Context Rot: Keep LLM Agents Sharp Past 256K Tokens
You bought the million-token context window. You assumed your agent could run for hours without degrading. Then your ticket triage agent started misclassifying bugs it would have caught in the first 20 minutes.
That is context rot — and it is the most common production failure mode in long-running LLM agents in 2026.

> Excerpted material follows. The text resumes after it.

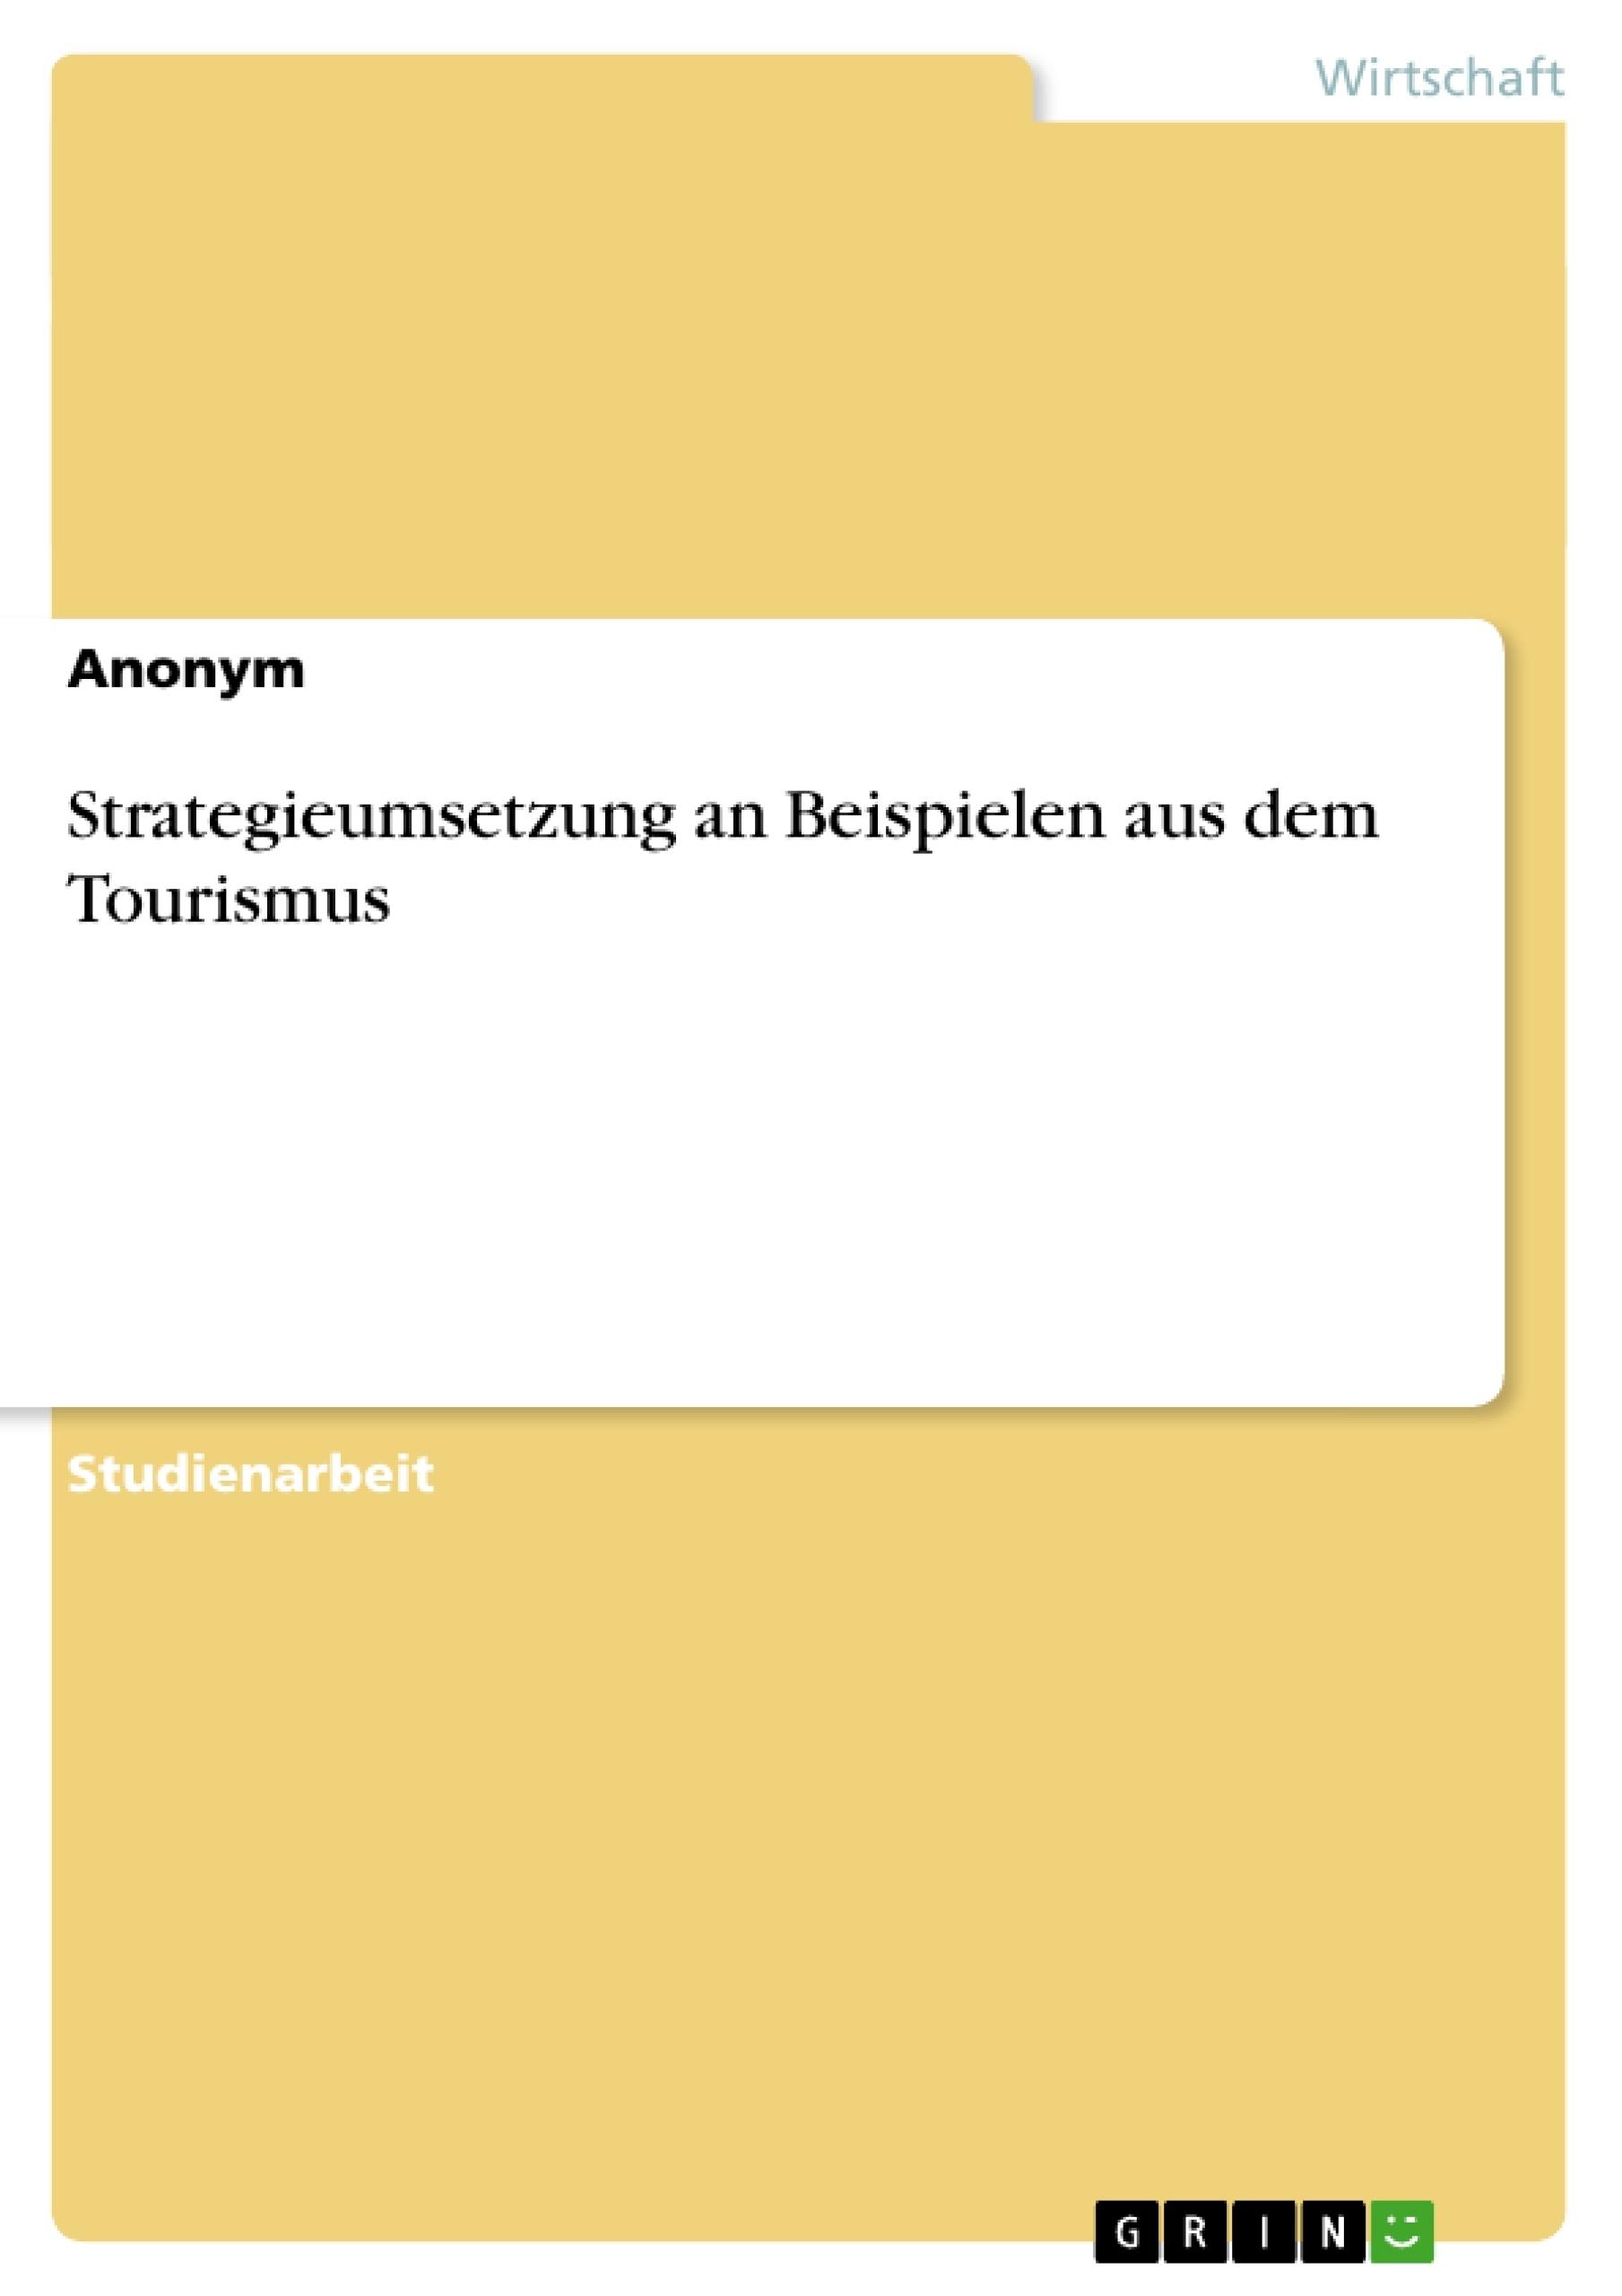 Titel: Strategieumsetzung an Beispielen aus dem Tourismus

Research published in early 2026 found that even models with verified million-token context windows show measurable accuracy degradation starting around 32,000 tokens, with performance dropping roughly 0.6% for every 10,000 tokens beyond that threshold. By 256K tokens the typical agent is operating at 78.6% of its baseline accuracy. By 1M tokens it is at 55%.
The good news: context rot is a solved problem at the engineering level. This guide covers what causes it, how to measure it, and four production techniques that can recover 80–90% of the lost performance.
What Context Rot Is and When It Starts
Context rot is not a bug — it is an emergent property of how transformer attention works at scale.
When a context window fills up, the model must attend over a longer sequence to find relevant information. Two things break down as sequence length grows:
- Context distraction: Irrelevant tokens dilute the attention signal. The model loses track of goals stated early in the context.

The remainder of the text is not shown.